The U.S. Department of Health and Human Services (HHS) has issued a comprehensive response to the cyberattack on Change Healthcare, a subsidiary of UnitedHealth Group (UHG), which occurred in late February 2024. This attack, initiated by the Blackcat ransomware, severely impacted more than 100 systems belonging to Change Healthcare, disrupting key healthcare operations nationwide. These systems are a key part of various healthcare processes, including insurance coverage verification, claims submission, and payment processing, rendering their inaccessibility a concern for healthcare providers across the country.
HHS has taken proactive steps to coordinate efforts with UHG leadership, state partners, and external stakeholders as a consequence of the widespread impact on healthcare operations. Through regular communication channels, HHS aims to assess the extent of the cyberattack’s consequences and ensure the continuity of healthcare services. The department emphasizes the importance of UnitedHealth Group’s efforts to restore and maintain operations quickly, highlighting the urgency of the situation.
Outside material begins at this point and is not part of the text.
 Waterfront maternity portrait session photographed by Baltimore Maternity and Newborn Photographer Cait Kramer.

Acknowledging the challenges faced by healthcare providers due to the cyberattack, HHS has announced immediate support measures through the Centers for Medicare & Medicaid Services (CMS). These measures include facilitating expedited processes for providers needing to switch clearinghouses for claims processing, ensuring minimal disruption to billing processes. CMS is advocating for the relaxation of prior authorization and filing requirements for Medicare Advantage (MA) organizations and Part D sponsors, easing administrative burdens on providers during this period. HHS is urging Medicaid and Children’s Health Insurance Program (CHIP) managed care plans to adopt similar flexibility measures, ensuring that Medicaid beneficiaries continue to receive uninterrupted access to healthcare services. The department recognizes the financial strain experienced by healthcare providers as a result of the cyberattack-induced disruptions and encourages the utilization of accelerated payment options and paper claims submissions to mitigate cash flow challenges.
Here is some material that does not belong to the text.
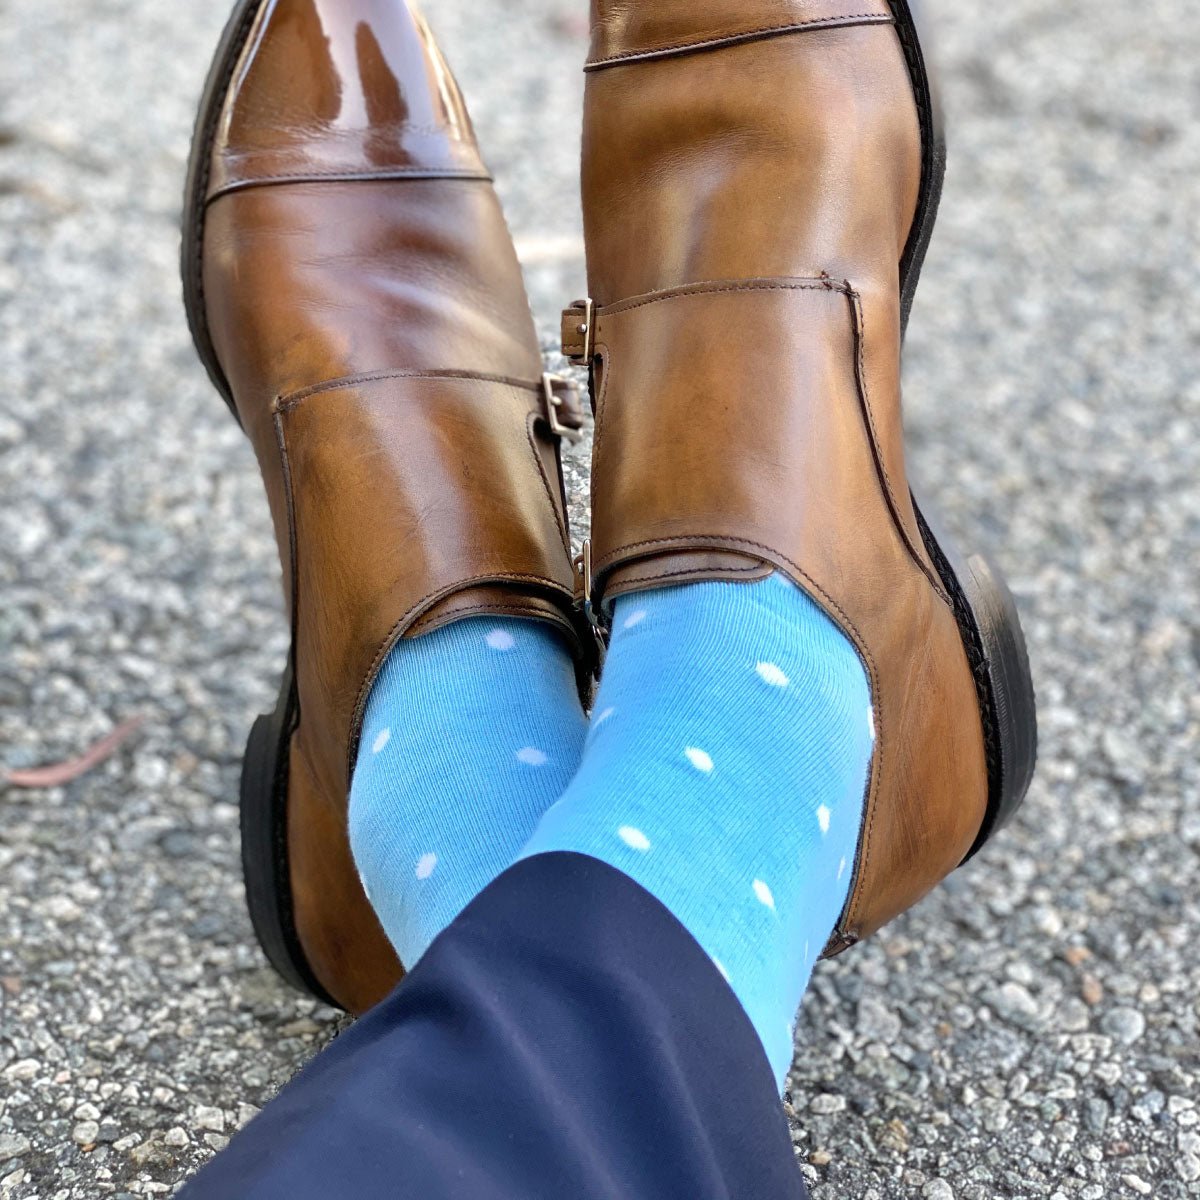 Man wearing navy slacks, light blue socks with white polka dots, and tan double monks trap shoes

HHS emphasizes its commitment to strengthening cybersecurity across the sector, highlighting the interconnected nature of the healthcare system and the need for cybersecurity resilience. This commitment is reflected in the department’s cybersecurity strategy outlined in a concept paper released in December 2023. The strategy includes voluntary performance goals, collaboration with Congress to develop support mechanisms, improved accountability measures, and improved communication channels to address cybersecurity threats effectively.
While the initial response from HHS has been met with positive feedback, concerns persist among healthcare providers and industry groups regarding the adequacy of the support measures. The President of the American Medical Association (AMA), Jesse Ehrenfeld, commends the initial steps taken by HHS’, stating “Many physician practices operate on thin margins, and we are especially concerned about the impact on small and/or rural practices, as well as those that care for the underserved,” said AMA President Jesse M. Ehrenfeld, MD, MPH. “The AMA urges federal officials to go above and beyond what has been put in place and include financial assistance such as advanced payments for physicians.” In the face of ongoing challenges, collaboration between government agencies, healthcare organizations, and industry stakeholders remains necessary for managing the aftermath of this cyberattack and ensuring the resilience of the healthcare system against future threats.